[[ SUPPLIED INFORMATION, beginning ]]

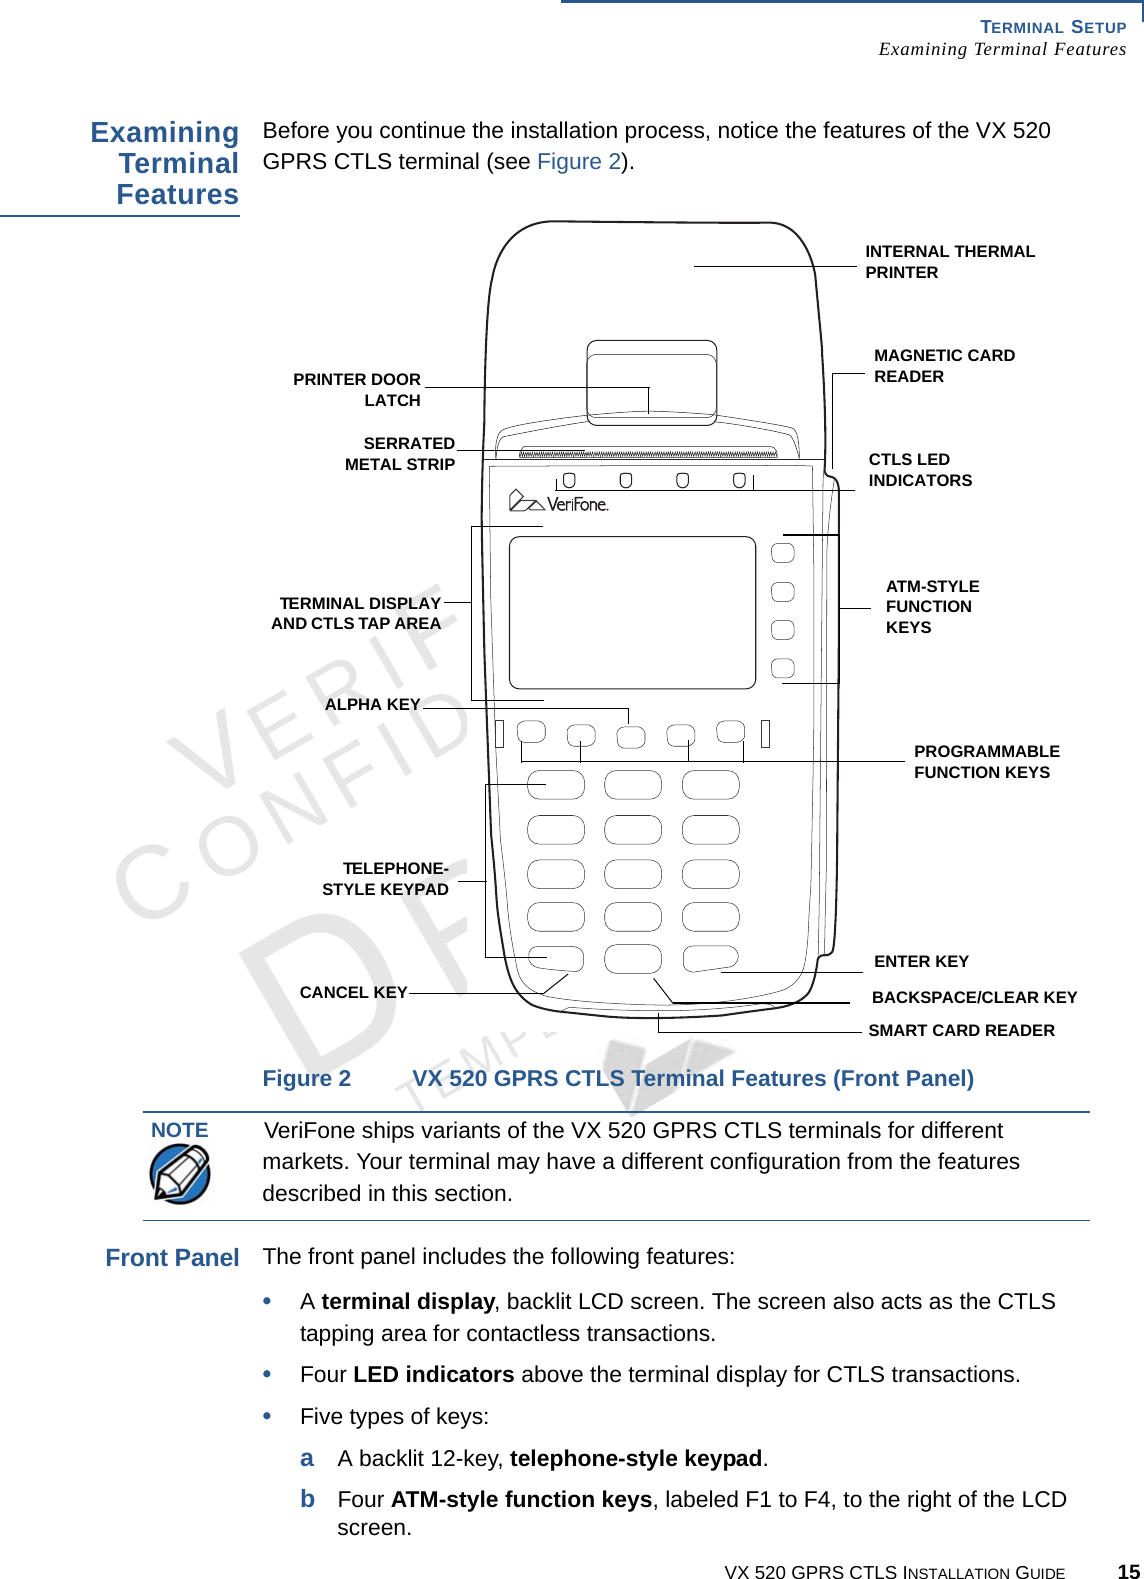 TERMINAL SETUPExamining Terminal FeaturesVX 520 GPRS CTLS INSTALLATION GUIDE 15VERIFONECONFIDENTIALTEMPLATE REV F ExaminingTerminalFeaturesBefore you continue the installation process, notice the features of the VX 520 GPRS CTLS terminal (see Figure 2).Figure 2 VX 520 GPRS CTLS Terminal Features (Front Panel)Front PanelThe front panel includes the following features:•A terminal display, backlit LCD screen. The screen also acts as the CTLS tapping area for contactless transactions.•Four LED indicators above the terminal display for CTLS transactions.•Five types of keys:aA backlit 12-key, telephone-style keypad.bFour ATM-style function keys, labeled F1 to F4, to the right of the LCD screen.INTERNAL THERMAL PRINTERMAGNETIC CARD READER ATM-STYLE FUNCTION KEYSPROGRAMMABLE FUNCTION KEYSENTER KEYBACKSPACE/CLEAR KEYSMART CARD READERCANCEL KEYTELEPHONE-STYLE KEYPADALPHA KEYTERMINAL DISPLAYAND CTLS TAP AREASERRATEDMETAL STRIPPRINTER DOORLATCHCTLS LED INDICATORSNOTEVeriFone ships variants of the VX 520 GPRS CTLS terminals for different markets. Your terminal may have a different configuration from the features described in this section.
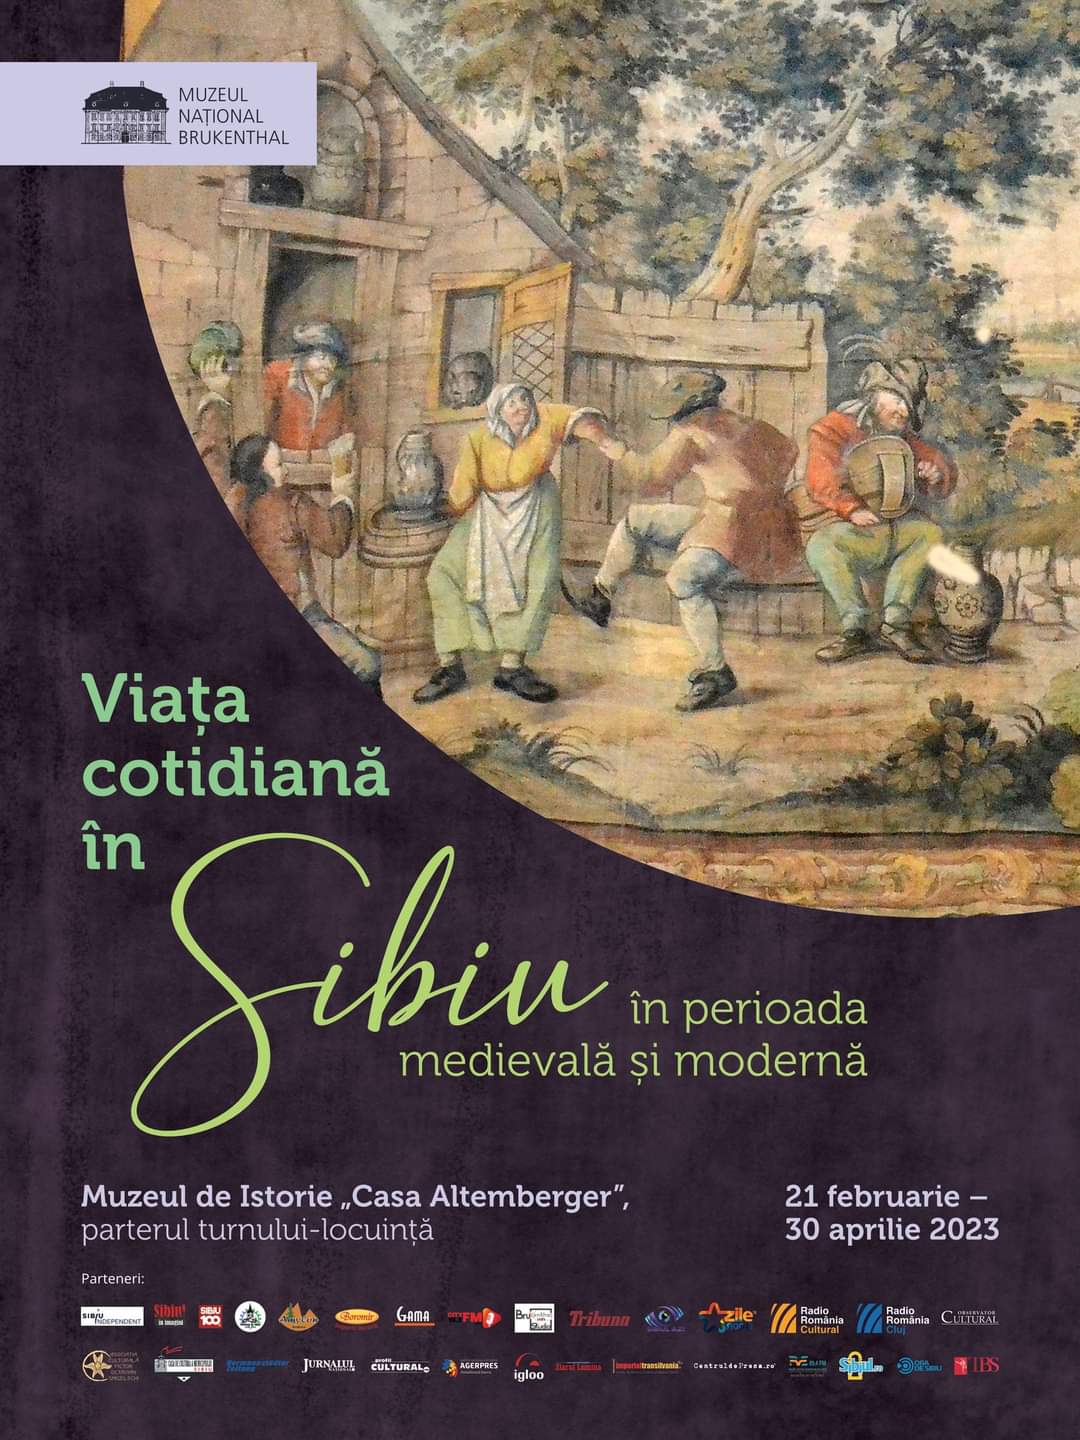 Daily life in Sibiu in the middle ages and modern period 
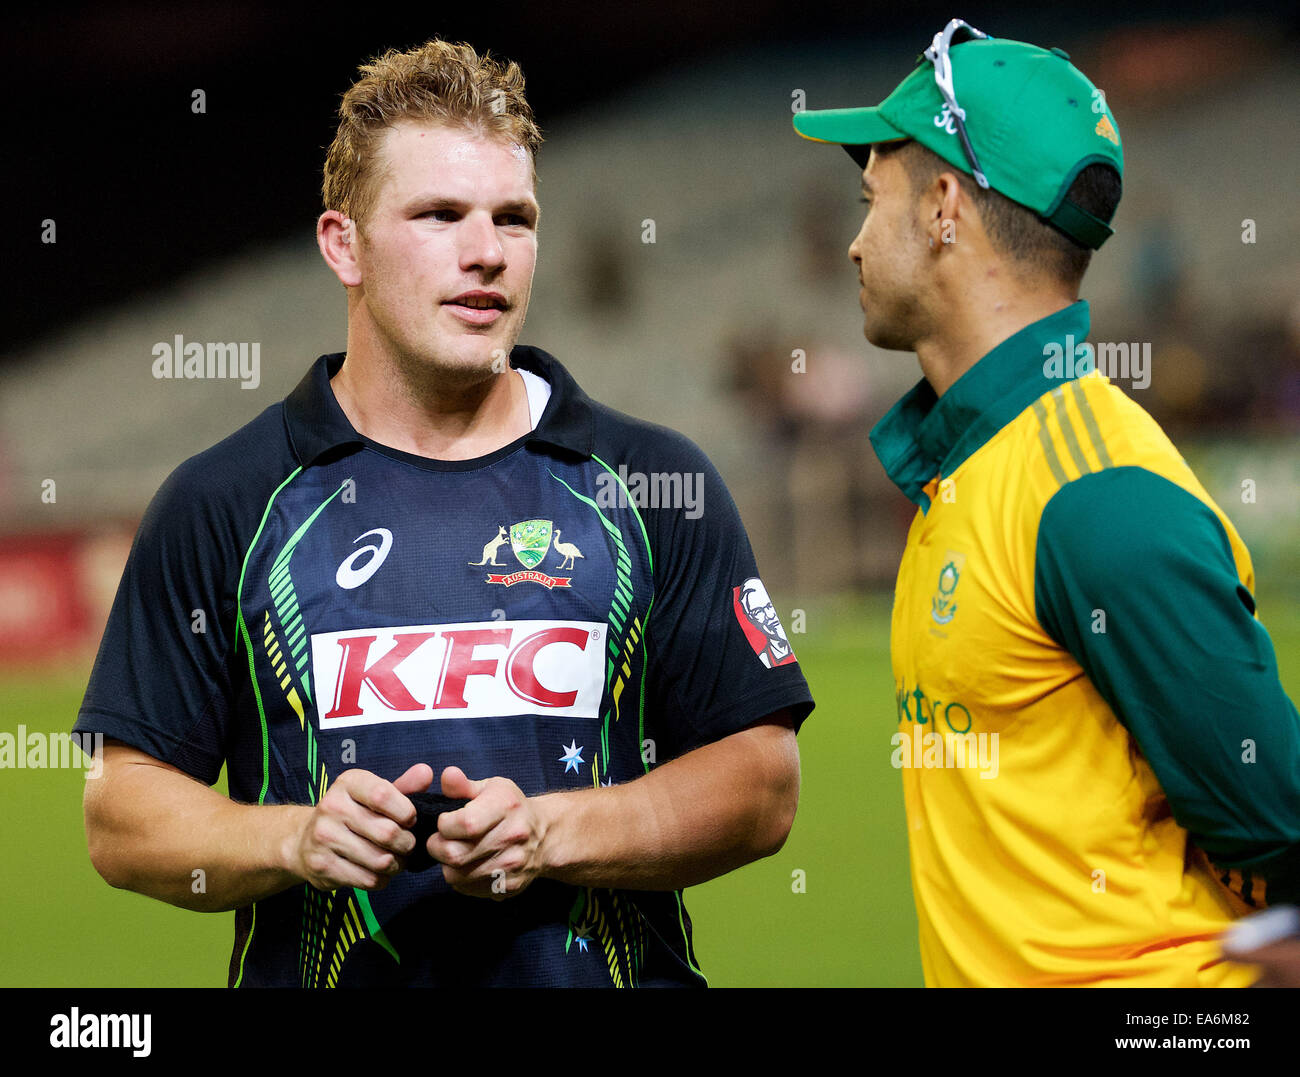 Melbourne, Victoria, Australia. 7th Nov, 2014.  AARON FINCH of Australia talks to JP DUMINY of South Africa during game two of the International Twenty20 cricket series match between Australia and South Africa at the MCG. Credit:  ZUMA Press, Inc./Alamy Live News Stock Photo

[[ SUPPLIED INFORMATION, end ]]

THE PROBLEM:
All lines from the first in the listing above to the line containing "Daily life in", inclusive, go in the output exactly as they are; no pictures go in.

FINISHED TASK:
 TERMINAL SETUPExamining Terminal FeaturesVX 520 GPRS CTLS INSTALLATION GUIDE 15VERIFONECONFIDENTIALTEMPLATE REV F ExaminingTerminalFeaturesBefore you continue the installation process, notice the features of the VX 520 GPRS CTLS terminal (see Figure 2).Figure 2 VX 520 GPRS CTLS Terminal Features (Front Panel)Front PanelThe front panel includes the following features:•A terminal display, backlit LCD screen. The screen also acts as the CTLS tapping area for contactless transactions.•Four LED indicators above the terminal display for CTLS transactions.•Five types of keys:aA backlit 12-key, telephone-style keypad.bFour ATM-style function keys, labeled F1 to F4, to the right of the LCD screen.INTERNAL THERMAL PRINTERMAGNETIC CARD READER ATM-STYLE FUNCTION KEYSPROGRAMMABLE FUNCTION KEYSENTER KEYBACKSPACE/CLEAR KEYSMART CARD READERCANCEL KEYTELEPHONE-STYLE KEYPADALPHA KEYTERMINAL DISPLAYAND CTLS TAP AREASERRATEDMETAL STRIPPRINTER DOORLATCHCTLS LED INDICATORSNOTEVeriFone ships variants of the VX 520 GPRS CTLS terminals for different markets. Your terminal may have a different configuration from the features described in this section.
 Daily life in Sibiu in the middle ages and modern period 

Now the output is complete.